Les impacts économiques de la pandémie actuelle n’ont pas fini de se faire sentir, malheureusement. C’est dans ce contexte que j’ai interrogé des travailleurs autonomes, une catégorie particulière de travailleurs, ni entreprise ni salarié. Comment les travailleurs autonomes traversent-ils la pandémie? Ont-ils profité de la crise pour faire un bilan de leur carrière?
Impossible de définir le travail autonome d’une seule manière; le domaine d’exercice a un impact important sur le quotidien et la manière dont les travailleurs sont affectés par la crise. Pour répondre à mon questionnement, j’ai parlé à une traductrice, qui préfère garder l’anonymat, et à Alexandre Laurin, consultant en stratégie et gestion eCommerce.

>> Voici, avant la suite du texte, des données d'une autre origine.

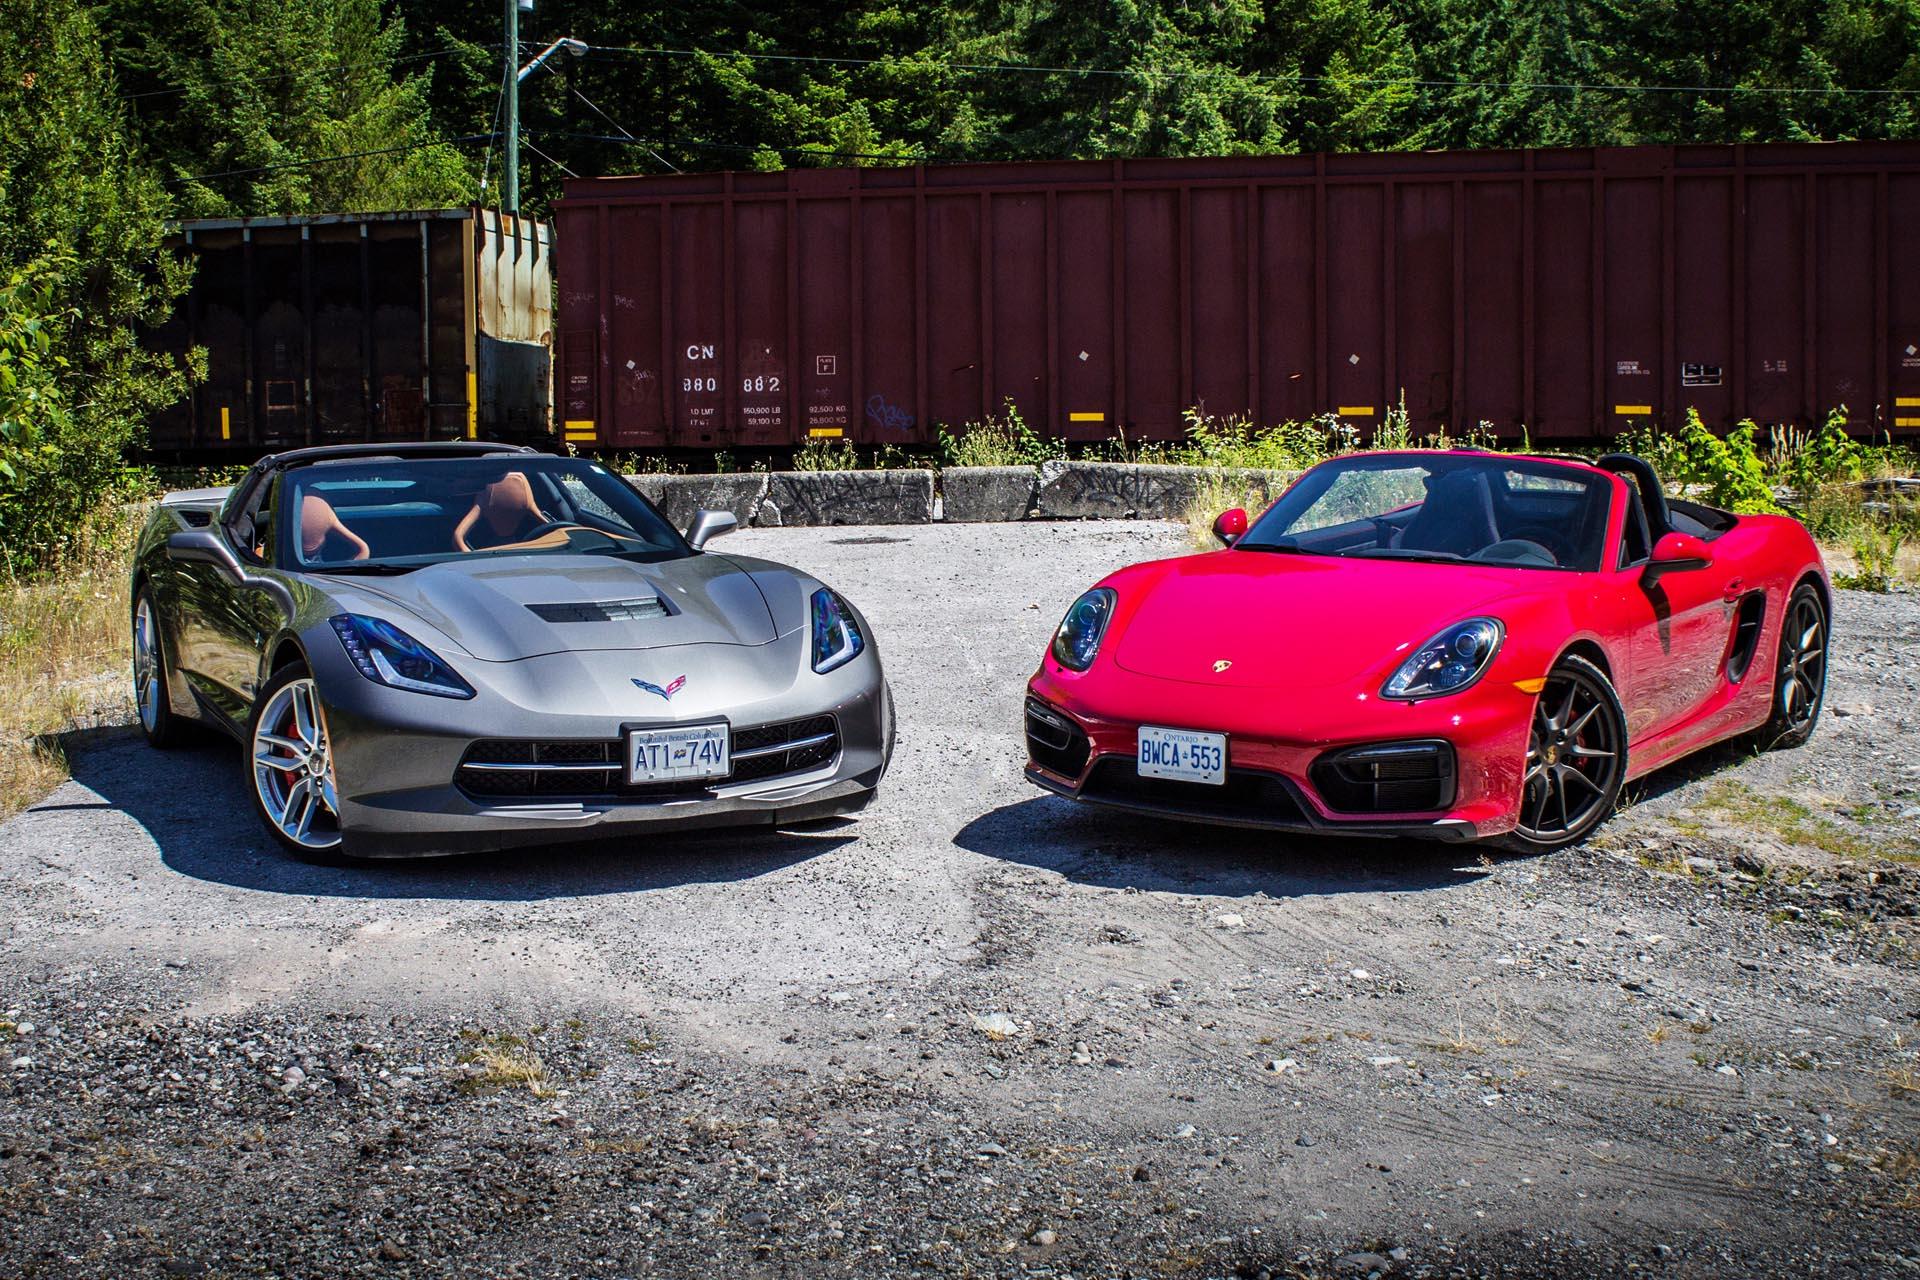 2006 Porsche Boxster >> Comparison Test: 2015 Chevrolet Corvette Stingray vs 2015 Porsche Boxster GTS - Autos.ca

Même en sachant que la pandémie a affecté à la baisse les revenus de nombre d’entre eux, leur témoignage est plein d’optimisme.
Travailleur autonome en temps de pandémie, bonne ou mauvaise chose?
Bonne nouvelle: dans les deux cas, ces travailleurs autonomes ont obtenu davantage de mandats qu’à l’habitude. Simple coïncidence? Pas tellement. Pour la traductrice, un mandat en attente depuis un bout de temps s’est présenté pile au bon moment et certains de ses clients ont eu des projets spéciaux liés à la situation.
La crise a confirmé qu’elle était faite pour ça, m’a-t-elle dit. Mais on ne le soulignera jamais trop: ça dépend vraiment du domaine dans lequel on travaille et de la manière dont les clients sont eux-mêmes affectés dans leur industrie. Dans d’autres domaines, comme celui de son mari et de la conjointe d’Alexandre, les travailleurs autonomes sont mal pris, surtout lorsqu’ils dépendent d’un public ou d’un contact rapproché avec des clients.
«Contrairement à d’autres, j’ai eu la chance d’être dans un créneau où la demande a littéralement explosé.»
Celui-ci souligne la chance d’être dans un domaine hyper pertinent à la survie des entreprises pendant la crise: «Contrairement à d’autres, j’ai eu la chance d’être dans un créneau où la demande a littéralement explosé. Cela a fait en sorte que malgré que ma compagnie ait encore été en démarrage au sommet de la pandémie, les clients étaient là et avaient besoin», raconte-t-il.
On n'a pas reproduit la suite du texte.